The hormonal outpourings of disturbingly un-male people of Frogspawn’s ilk, are giving rise to growing unease within the normally level-headed and pragmatic world of insurance.

Hardly surprising, then, that some members of that bastion of tradition and common sense the Worshipfulle Companie (who have recklessly ushered iWim under their venerable aegis) should perceive the self-willed sisters of iWIN, as iWoman Barbara Merry observed at the very same inaugural meeting, as ‘intimidating’ and ‘strident’.

With emotions that go up as high as 57 (compared with the average male’s 3), females are, as anyone who has ever actually gone up and talked to one will readily confirm, inherently terrifying. Scientists have proved that they can bend even the strongest man to their will, using just their bare emotions.

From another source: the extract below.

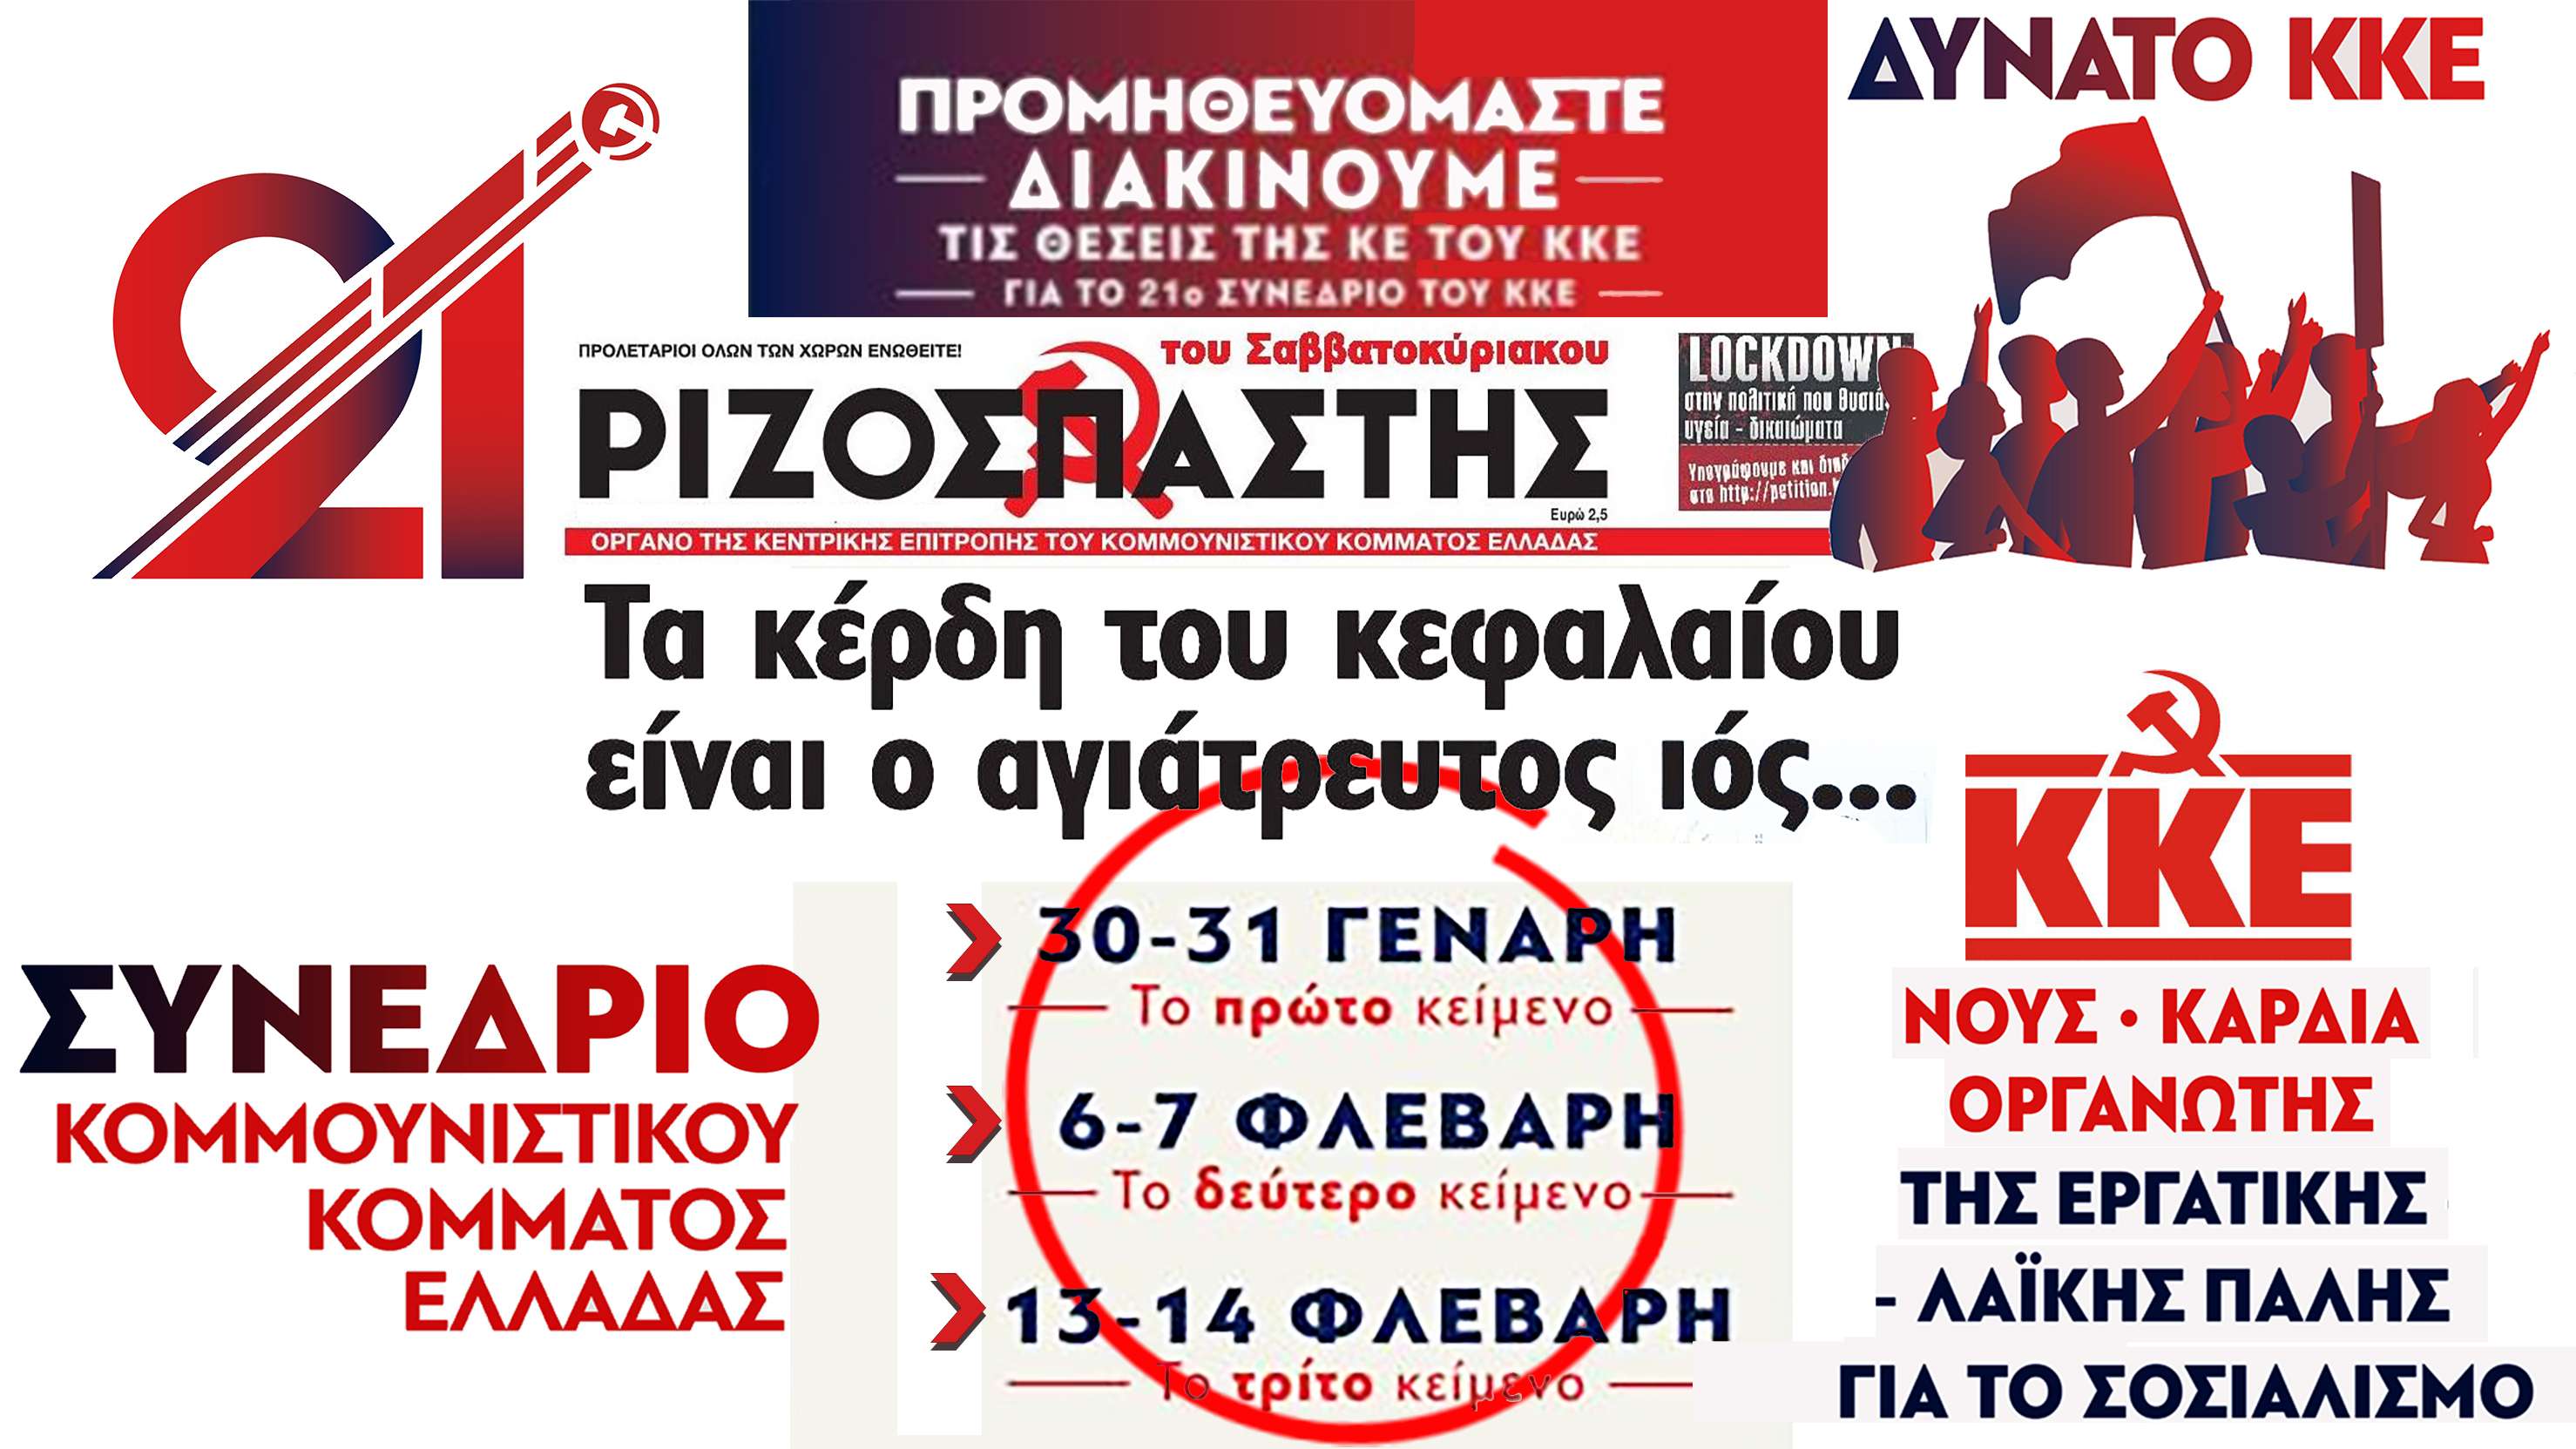 21ο Συνέδριο ΚΚΕ 21 synedrio KKE poster Ριζοσπάστης Rizospastis

Dependent women are all well and good, of course, and can actually serve a valuable ornamental purpose, but can it be sensible for the Worshipfulle Companions to provide a platform for these self-avowedly independent women?

Independence might sound innocent enough in the abstract, but independent of what we should perhaps be asking. The answer, chillingly, is men! The secret agenda of iWim is in fact nothing short of the total subjugation of the male sex and the remaking of insurance as a man-free profession.

In a world ruled by iWim and their kind, men would be reduced to a pitifully subservient role, hapless targets for distain, mockery, objectification and sexual humiliation, carriers of heavy shopping and fetchers-down of things on high shelves.

Let’s nip this nonsense in the bud, before things get out of hand.